Interventional Cardiology

Incomplete Stent Apposition After Implantation of Paclitaxel-Eluting Stents or Bare Metal Stents

Insights From the Randomized TAXUS II Trial

Kengo Tanabe, MD; Patrick W. Serruys, MD, PhD; Muzaffer Degertekin, MD; Eberhard Grube, MD; Giulio Guagliumi, MD; Wilhelm Urbaszek, MD; Johannes Bonnier, MD; Jean-Michel Lablanche, MD; Tomasz Siminiak, MD; Jan Nordrehaug, MD; Hans Figulla, MD; Janusz Drzewiecki, MD; Adrian Banning, MD; Karl Hauptmann, MD; Dariusz Dudek, MD; Nico Bruining, PhD; Ronald Hamers, PhD; Angela Hoye, MBChB; Jurgen M.R. Ligthart, BSc; Clemens Disco, MSc; Jörg Koglin, MD; Mary E. Russell, MD; Antonio Colombo, MD, for the TAXUS II Study Group

From the Thoraxcenter, Erasmus MC, Rotterdam, the Netherlands (K.T., P.W.S., M.D., N.B., R.H., A.H., J.M.R.L.); Heart Center Siegburg, Siegburg, Germany (E.G.); Ospedali Riuniti di Bergamo, Bergamo, Italy (G.G.); Medizinische Klinik Weisser Hirsch, Dresden, Germany (W.U.); Catharina Ziekenhuis Eindhoven, Eindhoven, the Netherlands (J.B.); Hôpital Cardiologique–CHU, Lille, France (M.L.); J. Strus Hospital, Poznan, Poland (T.S.); Haukeland Hospital, Bergen, Norway (J.N.); Friedrich-Schiller-University, Jena, Germany (H.F.); PSK No 7, Zaklad Kardiologii Inwazyjnej, Katowice, Poland (J.D.); John Radcliffe Hospital, Oxford, UK (A.B.); Krankenhaus der Barmherzigen Brüder, Trier, Germany (K.H.); Jagiellonian University, Krakow, Poland (D.D.); Cardialysis BV, Rotterdam, the Netherlands (C.D.); Boston Scientific Corp, Natick, Mass (J.K., M.E.R.); and Centro Cuore Colombus, Milan, Italy (A.C.).

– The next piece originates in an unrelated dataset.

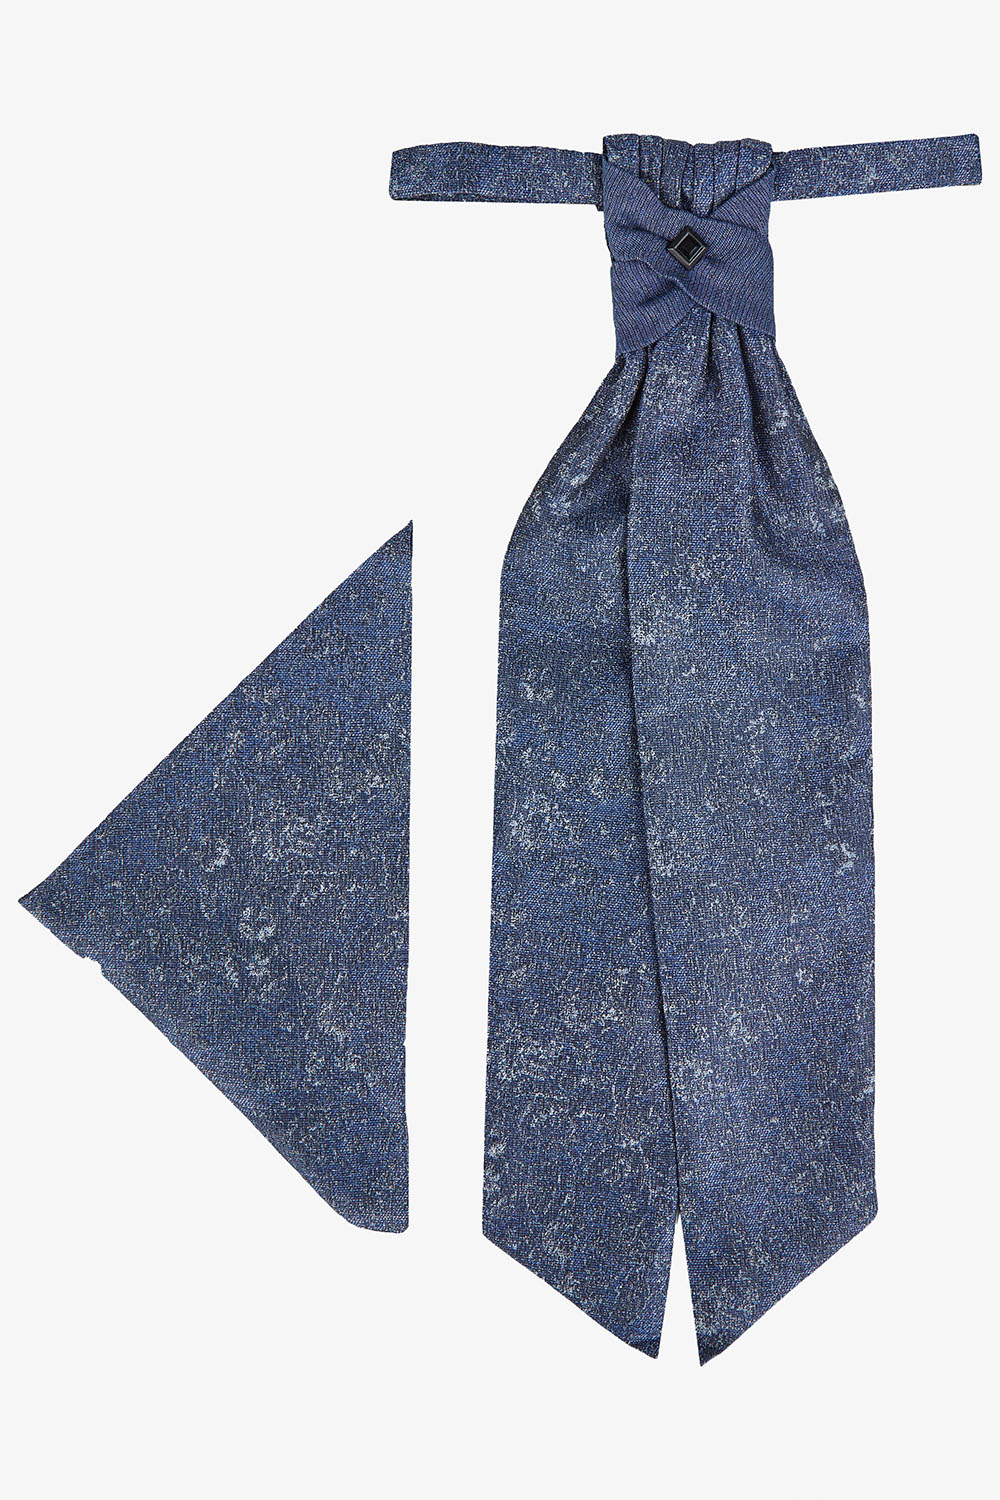 TZIACCO márványkék francia nyakkendő szett 521203-30

Correspondence to Prof P.W. Serruys, MD, PhD, Thoraxcentre, Bd 406, Erasmus MC, Dr Molewaterplein 40, 3015 GD Rotterdam, The Netherlands. E-mail p.w.j.c.serruys{at}erasmusmc.nl

Received December 10, 2003; revision received November 3, 2004; accepted November 10, 2004.

Background— The clinical impact of late incomplete stent apposition (ISA) for drug-eluting stents is unknown. We sought to prospectively investigate the incidence and extent of ISA after the procedure and at 6-month follow-up of paclitaxel-eluting stents in comparison with bare metal stents (BMS) and survey the clinical significance of ISA over a period of 12 months.

Methods and Results— TAXUS II was a randomized, double-blind study with 536 patients in 2 consecutive cohorts comparing slow-release (SR; 131 patients) and moderate-release (MR; 135 patients) paclitaxel-eluting stents with BMS (270 patients). This intravascular ultrasound (IVUS) substudy included patients who underwent serial IVUS examination after the procedure and at 6 months (BMS, 240 patients; SR, 113; MR, 116). The qualitative and quantitative analyses of ISA were performed by an independent, blinded core laboratory. More than half of the instances of ISA observed after the procedure resolved at 6 months in all groups. No difference in the incidence of late-acquired ISA was observed among the 3 groups (BMS, 5.4%; SR, 8.0%; MR, 9.5%; P=0.306), with a similar ISA volume (BMS, 11.4 mm3; SR, 21.7 mm3; MR, 8.5 mm3; P=0.18). Late-acquired ISA was the result of an increase of vessel area without change in plaque behind the stent. Predictive factors of late-acquired ISA were lesion length, unstable angina, and absence of diabetes. No stent thrombosis occurred in the patients diagnosed with ISA over a period of 12 months.

Conclusions— The incidence and extent of late-acquired ISA are comparable in paclitaxel-eluting stents and BMS. ISA is a pure IVUS finding without clinical repercussions.